This section presents the methodology of selecting relevant articles, different data sources, search criteria, research questions, taxonomy creation, and the scope of this work. In this paper, we have proposed a taxonomy, and it is developed based on the study of a vast amount of research articles and resources on IoT malware. To have meaningful research, we limited the scope of the paper to the last five years, with most of the papers selected from various databases, including IEEE Xplore, ScienceDirect, SpringerLink, ACM Digital Library, and Google Scholar. On each database, search keywords like “IoT malware”, “Mirai”, “Smart Home attack”, “IoT attack”, “IoT malware detection”, “IoT malware survey”, “IoT malware machine learning”, and “IoT malware review” were considered which led to finding relevant papers. Moreover, we have included a backward approach for finding new articles and identifying new ones based on the list of references in the article under study. Furthermore, we narrowed the analysis by considering the following questions:

  1. 1.

    What is the current research state of IoT malware as new attacks are emerging daily?

  2. 2.

    What are the different aspects of IoT malware?

  3. 3.

    Which techniques are used to perform IoT malware detection?

  4. 4.

    How can the research gaps identified in the existing IoT malware detection studies be filled?

All articles on Automotive IoT were excluded, including IoT malware papers from non-English journals or conferences.

Following the abovementioned criteria, we have selected articles and identified different aspects of IoT malware. On identifying each attribute, we briefly described one or two related works on that attribute. These associated works are considered from online resources like Medium, Bleeping computer, Malwarebytes, etc.

4 Related works

Although numerous surveys were conducted on IoT Malware, there is no single complete literature on IoT malware taxonomy. Therefore, we are proposing a new taxonomy in this section presents the works that analyze the existing taxonomies. A comparison of the current works with our proposed work is shown in Table 1.

Table 1 Comparison with existing works

In [11], a taxonomy of IoT malware DDoS attacks is discussed based on literature from 2008. This taxonomy classifies DDoS attacks into subcategories based on architecture model, exploited vulnerabilities, protocol level, degree of automation, scanning strategy, propagation mechanism, impact on the victim, attack rate, source address validity, attack traffic distribution, resources involved, victim type.
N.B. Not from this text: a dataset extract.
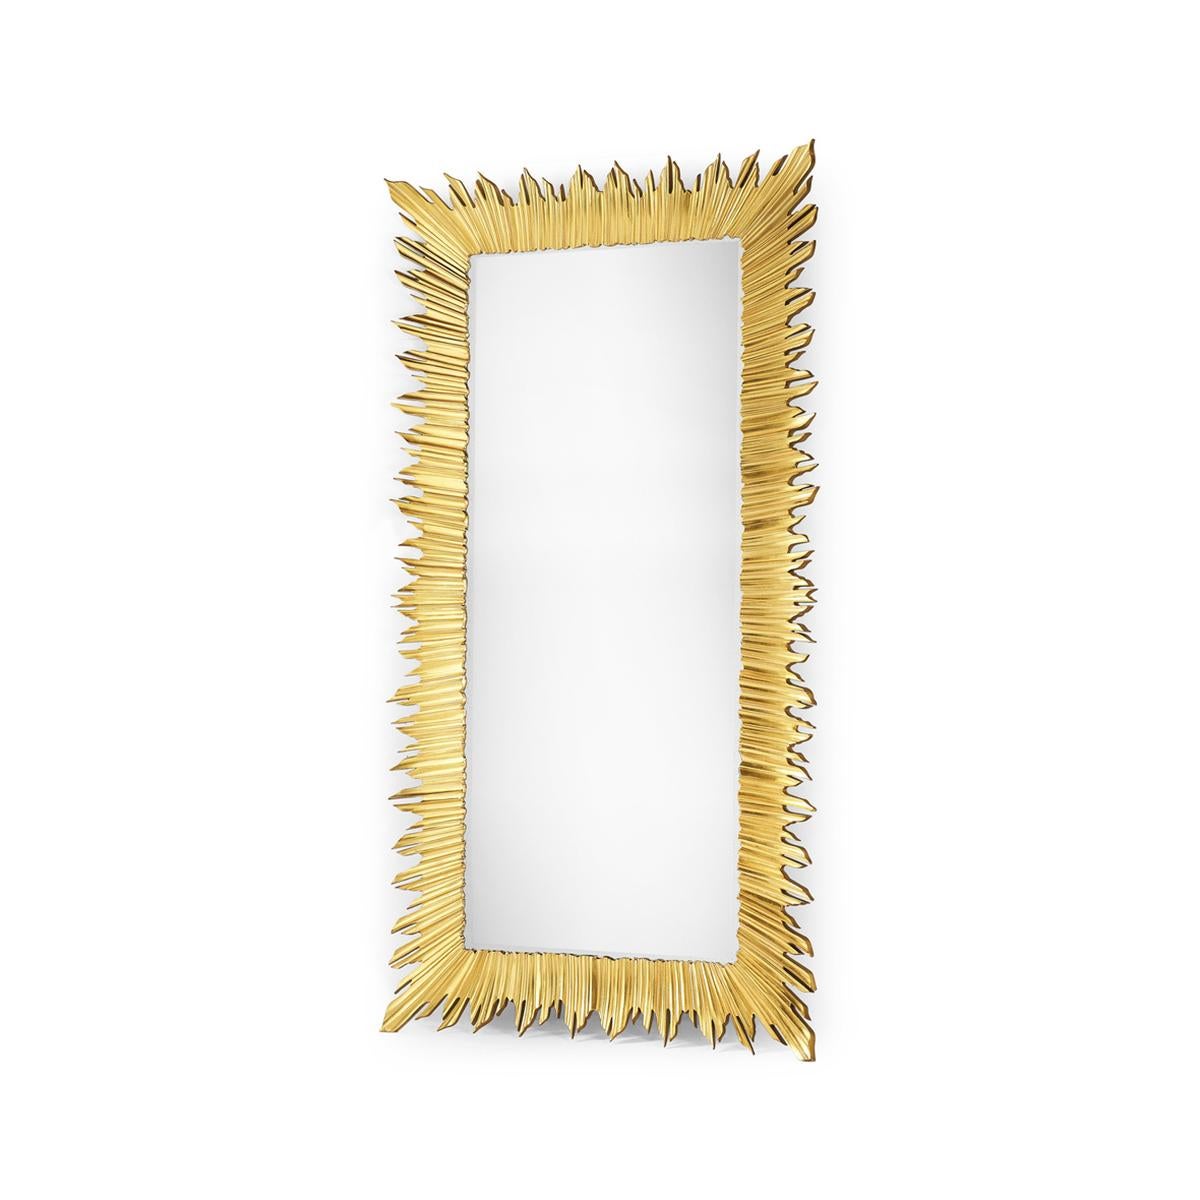 Miroir rectangulaire ensoleillé sur pied, finement détaillé et doré, avec une grande vitre centrale et de multiples

Moreover, this work compares malware based on characteristics such as source code, agent CPU, architecture model, and attacks. This work also explains different DDoS attack phases: recruitment, exploitation, infection, communication, and the attack.

The taxonomy [12] considers the IoT and IIoT environments along with their vulnerabilities, attack vectors, and eight different IoT malware families. Moreover, the taxonomy of DDoS attacks introduced in the work was from [24], and vulnerabilities were from the top 10 OWASP threats.

Shobana and Rathi [13] discusses the nine most widespread IoT malware between 2013 and 2017 and the IoT environment’s vulnerable points. This work explains the IoT malware and the comparison based on the target devices, architecture, attack, number of devices, communication protocol, and language. Based on the study, the authors identified the most attacked devices, architectures, communication protocols, etc.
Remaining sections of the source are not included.